What we have in these regulations passed since the 1990s is therefore a step backwards from a central aspiration of mankind to dispose of human waste in the best possible way. We have here an instance of government having forced society into a lower stage of existence.
Government has reduced us as people to the point that we either have to enter the black market to get good sewage or come to terms with living amidst periodic spreading of human waste all over our domestic and commercial environment.
Again, this is wholly unnecessary. Capitalism achieved something spectacular in waste disposal. Government came along and took it away from us. That’s the story in a nutshell.
Today, every toilet company touts its latest innovations to overcome the problem. There are high-pressure blasters that run off electricity, designed to force a paltry 1.6 gallons of water through fast enough to make the difference. They are shockingly loud and scary. There are new shapes of tanks and new flow mechanisms that are said to compensate for the calamity, but this works only some of the time.
Each of these innovations is patented — meaning that a successful project cannot be copied and improved by other companies. So even if these are improvements, their distribution is limited and the successful aspects of them are not extended by others, for fear of patent lawsuits. The entire market is hobbled.
The result is an entire society of poorly working toilets and a life of adjustment to the omnipresence of human feces, all in a short 15 years. Thanks so much, Congress!
Of course the environmentalists are in on the whole project. They started telling us back in the 1970s that our large tanks were sheer waste. We should put bricks in them to save and conserve. If you didn’t have a brick in your toilet, you were considered irresponsible and a social misfit. Eventually of course the brick became, in effect, a mandate, and finally toilets were reduced to one third of their previous size.
Back then, it was just assumed that toilet manufacturers cared nothing at all about wasting water. Surely there was no rationale at all for why they consumed five gallons per flush as opposed to 1.6 gallons. This is just capitalist excess and down with it!
Well, think again: there was wisdom in those old designs.
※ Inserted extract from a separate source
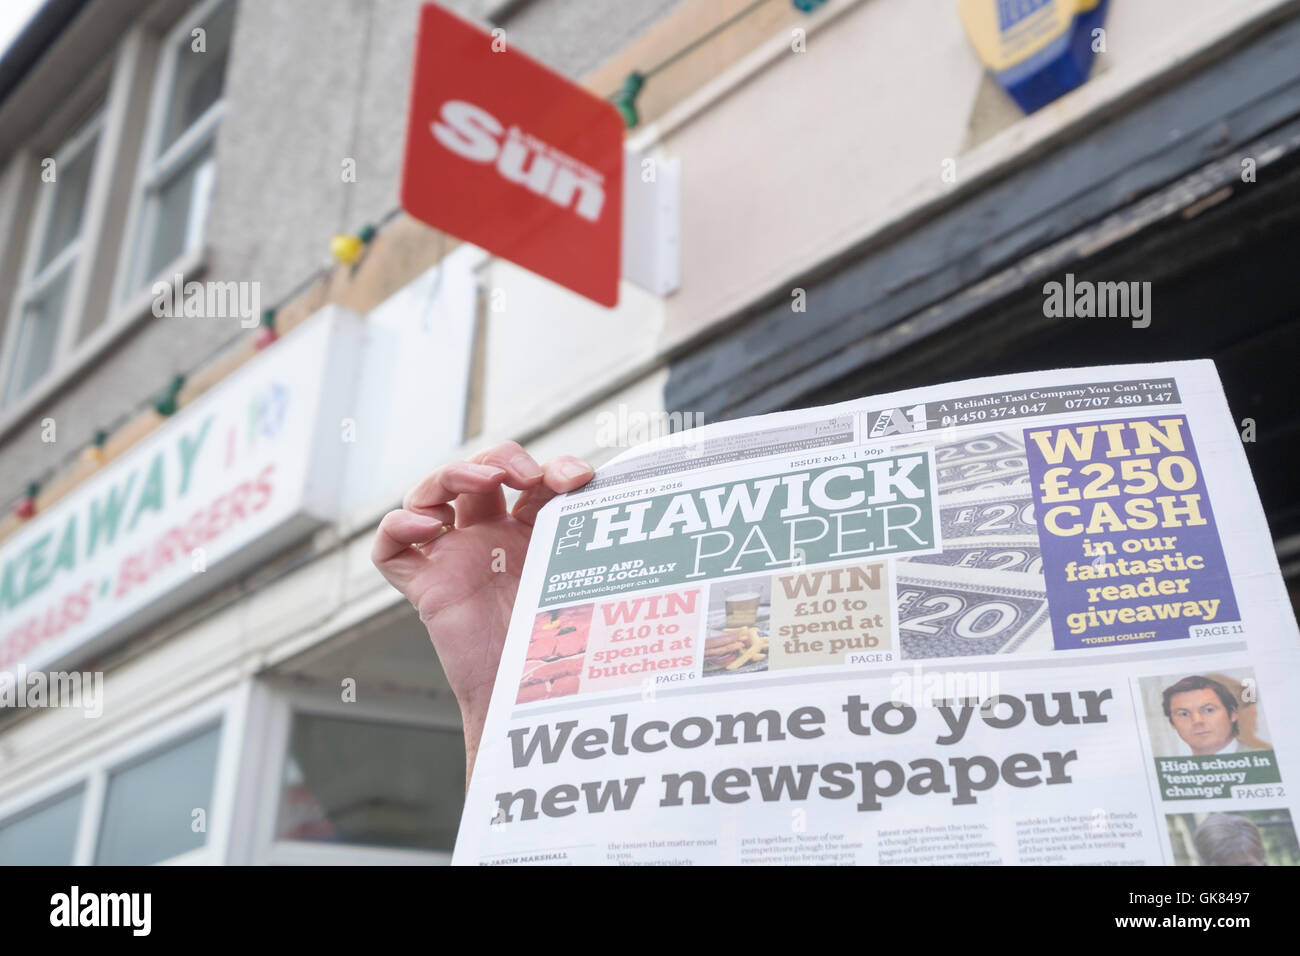 Hawick, UK. 19th August, 2016. New newspaper for Hawick . The first new paper in the town for around 30 years, it will feature community news, sports, letters and features. On sale at a open air 'newsagent' in Burnfoot, with a big interest locally. Not giving the tabloids a run, but a positive feeling in the town. Credit:  Rob Gray/Alamy Live News Stock Photo

The environmentalists didn’t account for the present reality in which people typically flush twice, three times, or even four times during a single toilet event. Whether or not this ends up using more or less in the long run is entirely an empirical question, but let us just suppose that the new microtanks do indeed save water. In the same way, letting people die of infections conserves antibiotics, not brushing teeth conserves toothpaste, and not using anesthesia during surgery conserves needles and syringes.
Here is the truth that environmentalists do not face: Sometimes conserving is not a good idea. There are some life activities that cry out for the expenditure of resources, even in the most generous possible way. I would count waste disposal as one of those.
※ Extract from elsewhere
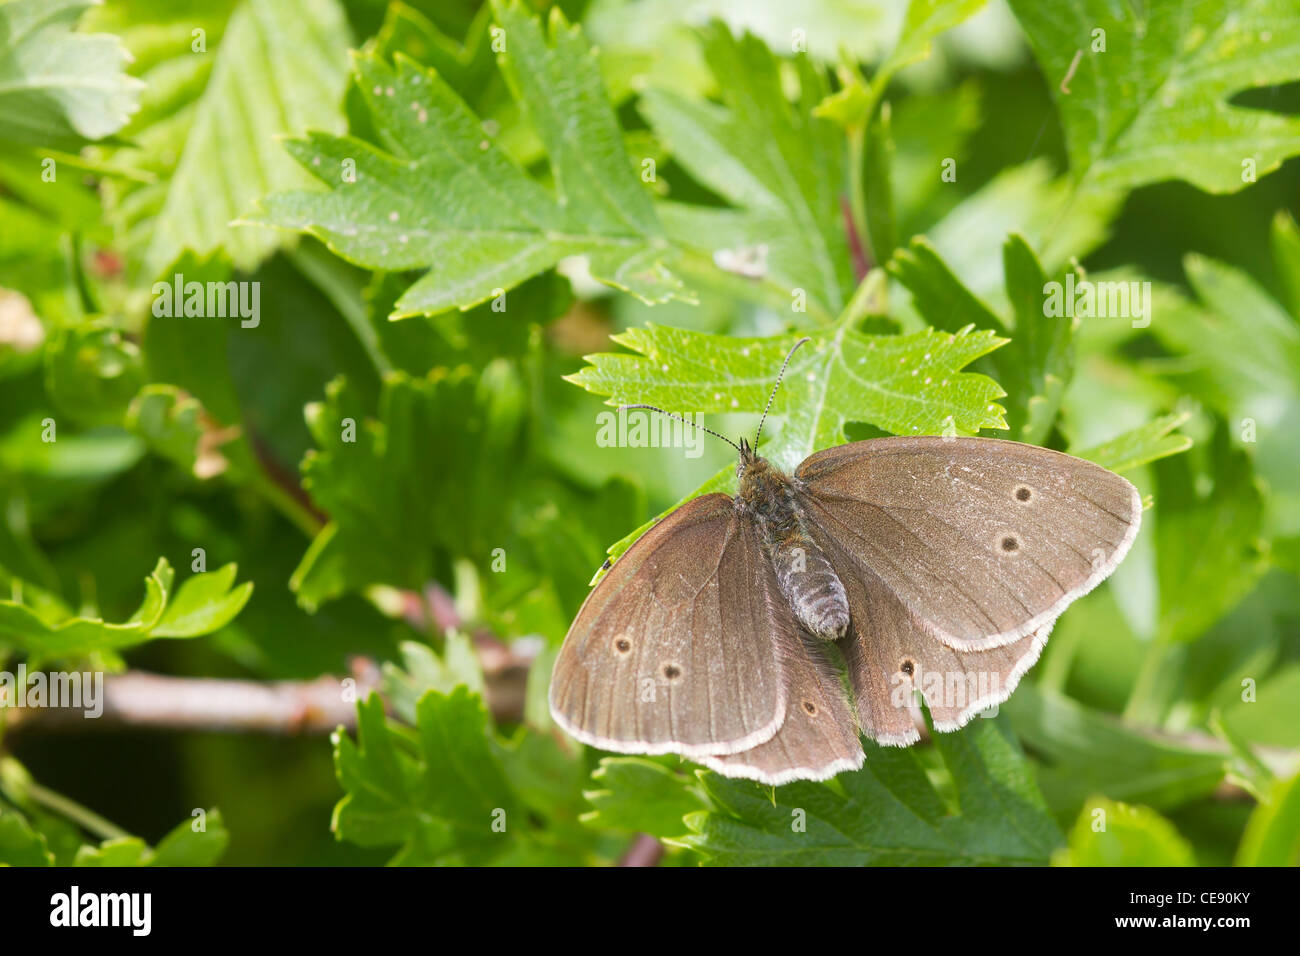 Ringlet butterfly (Aphantopus hyperanthus) perched on a leaf Stock Photo

It is also possible that some people just like to get their kicks out of spreading misery and making it impossible for us to enjoy a clean and prosperous life. Like Puritans of old, they see virtue in suffering and would like to see ever more of it. It sounds perverse, but such an ethos does exist. And clearly, government doesn’t care in the slightest.
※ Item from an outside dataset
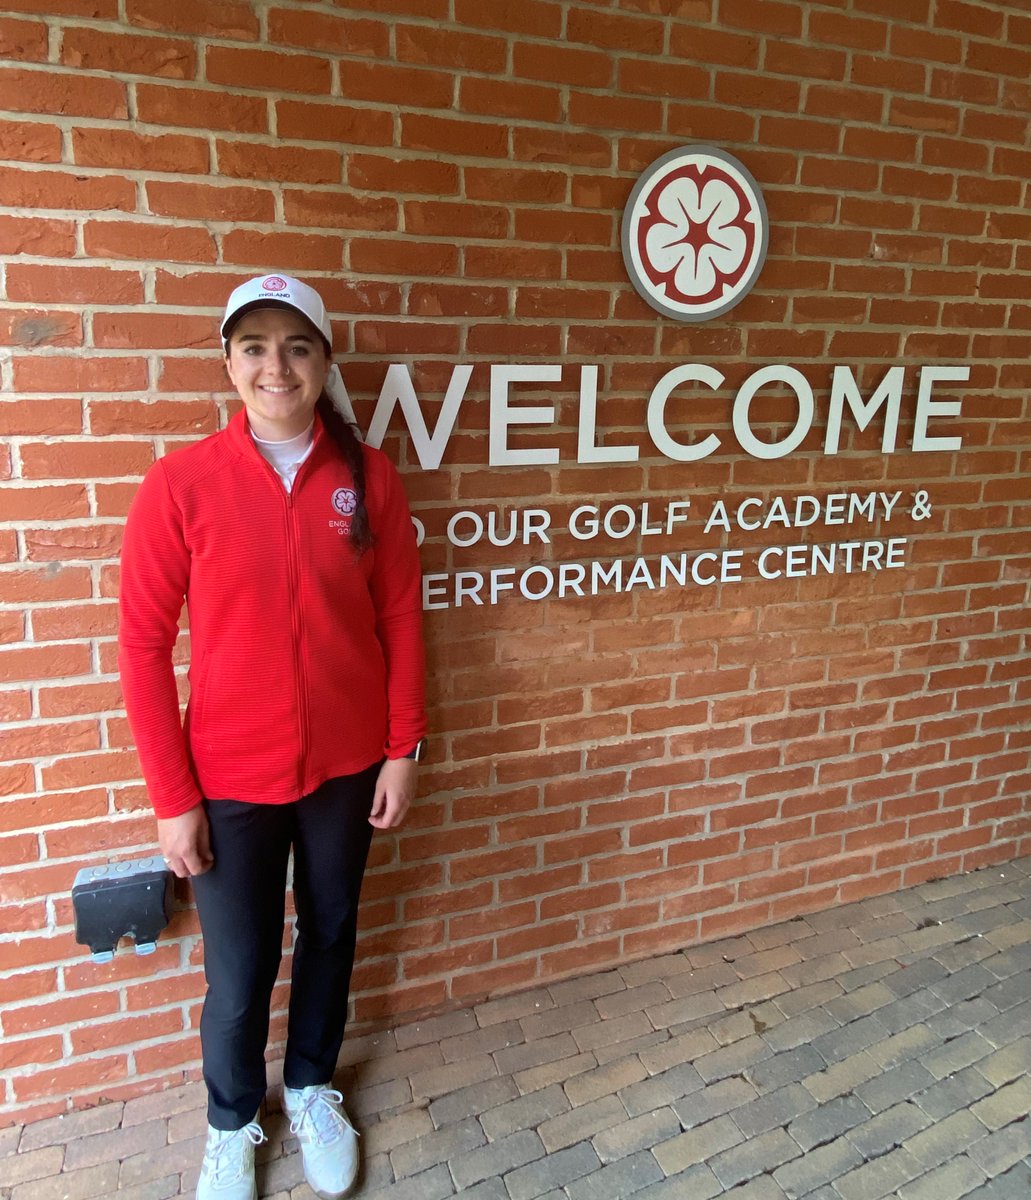 Congratulations to @EmmaCharlotte97 winner of the Women & Girls’ Invitational @woodhallspagolf this weekend. The @stonehamgc player fought off the challenge from 7 England team-mates to top the leaderboard - look out for a special feature on this in the next podcast.

There are many tragedies associated with the toilet calamity. There are private embarrassments at guest houses and disgust at every turn. Many of the customers at that Chinese takeout probably blame the owners, who themselves are probably mystified as to why toilets in communist China probably worked just fine but in capitalist America are throwing filth all over their restaurant.
It’s the hidden hand of government that has mandated this leap back to barbarism.